Pape indica que los ataques suicidas se incrementaron de 3 por año en 1980 a 10 por año en 1990 y luego a más de 25 en 2000 y 2001, mientras que el total mundial de atentados terroristas (no sólo suicidas) cayó a casi la mitad: hubo 666 en 1987 y 348 en 2001. Esto, afirma, se debe a que el ataque suicida es la forma más efectiva de terrorismo. Entre 1980 y 2001, los ataques suicidas alcanzaron sólo el 3 por ciento de todos los atentados terroristas pero causaron casi la mitad del total de muertes debidas a ellos.
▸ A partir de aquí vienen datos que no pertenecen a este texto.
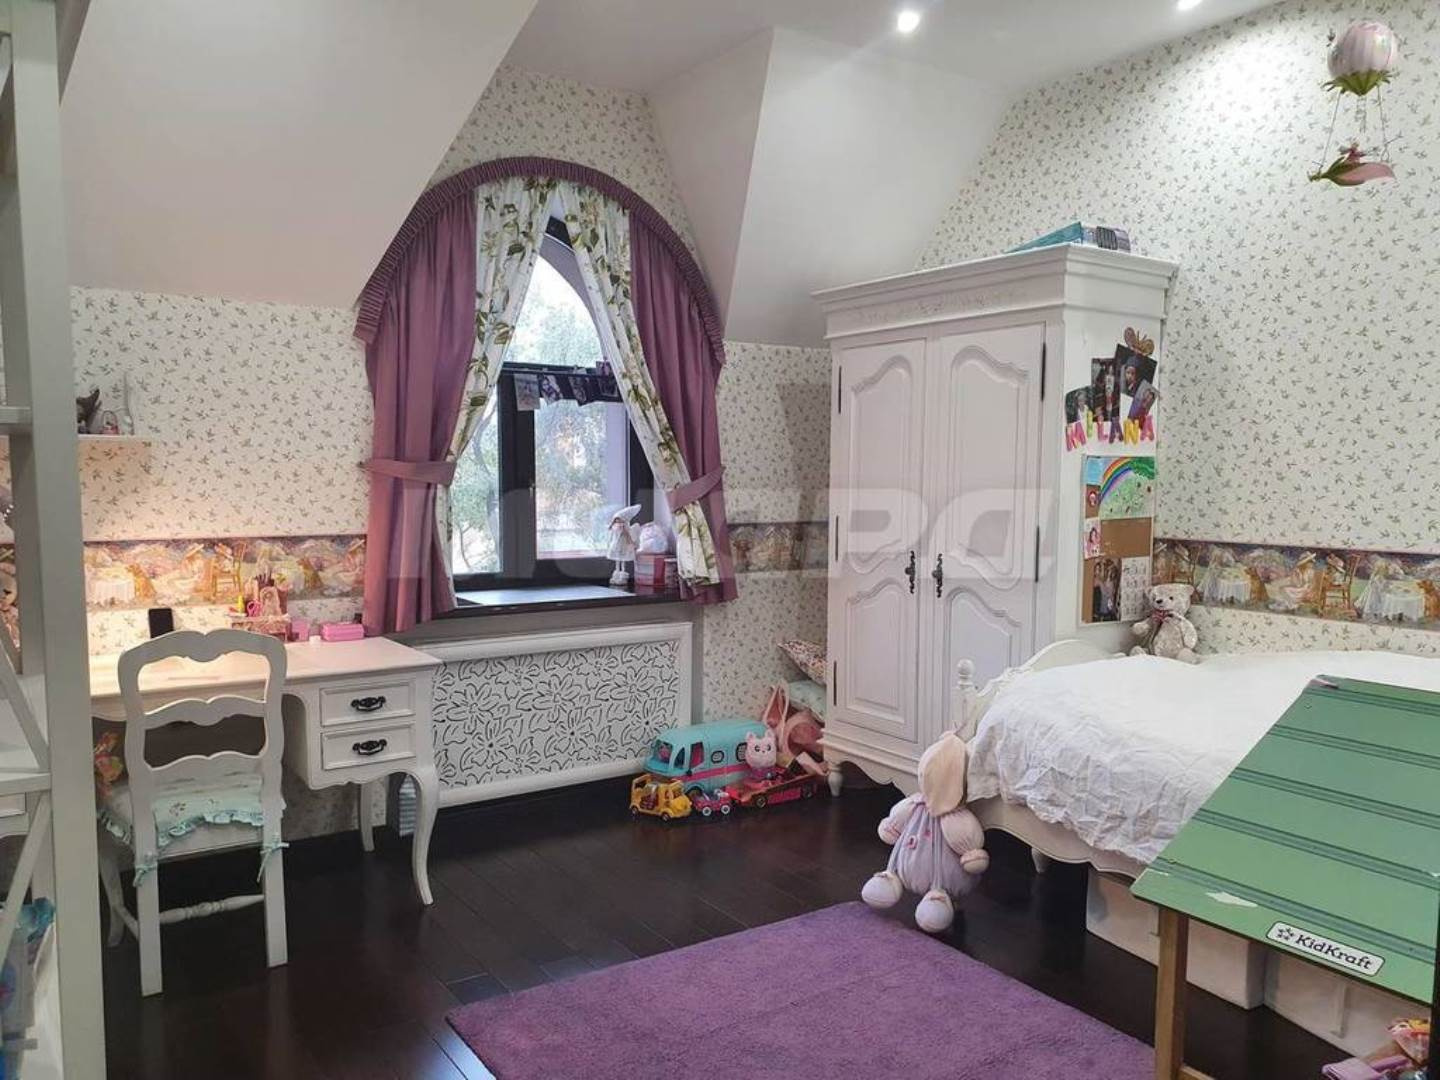 Так выглядит детская комната для девочки

Pape deduce que las políticas de ocupación, imposición de sistemas políticos y negociación de prebendas con quienes impulsan este tipo de terrorismo son contraproducentes porque con ellas se da pie a que aumenten los atentados suicidas, validando la efectividad y legitimidad de su lógica estratégica, como lo prueban los casos de la Cisjordania y de Chechenia. Y aconseja que Israel se retire de los territorios ocupados en la ribera occidental, que termine la muralla que está construyendo allí para protegerse de los ataques suicidas y que deje ese territorio a los palestinos. "Para los Estados Unidos -termina Pape-, especialmente en vista de su creciente ocupación del Golfo Pérsico, es crucial que en lo inmediato mejore los controles de fronteras y migración. En el mediano plazo, Washington debería abandonar sus visiones de imperio y permitir que Naciones Unidas tome el control sobre la institucionalidad política y económica de Irak. Y en el largo plazo, Estados Unidos debe buscar la independencia energética, reduciendo así su necesidad de mantener tropas en el Golfo Pérsico".

Está visto que la más modesta de las investigaciones de campo puede invalidar las más pomposas "teorías de campus" que, como la del "choque de civilizaciones" y la del "fin de la historia", buscan justificar en clave culturalista y formalista las políticas imperiales de expansión y ocupación.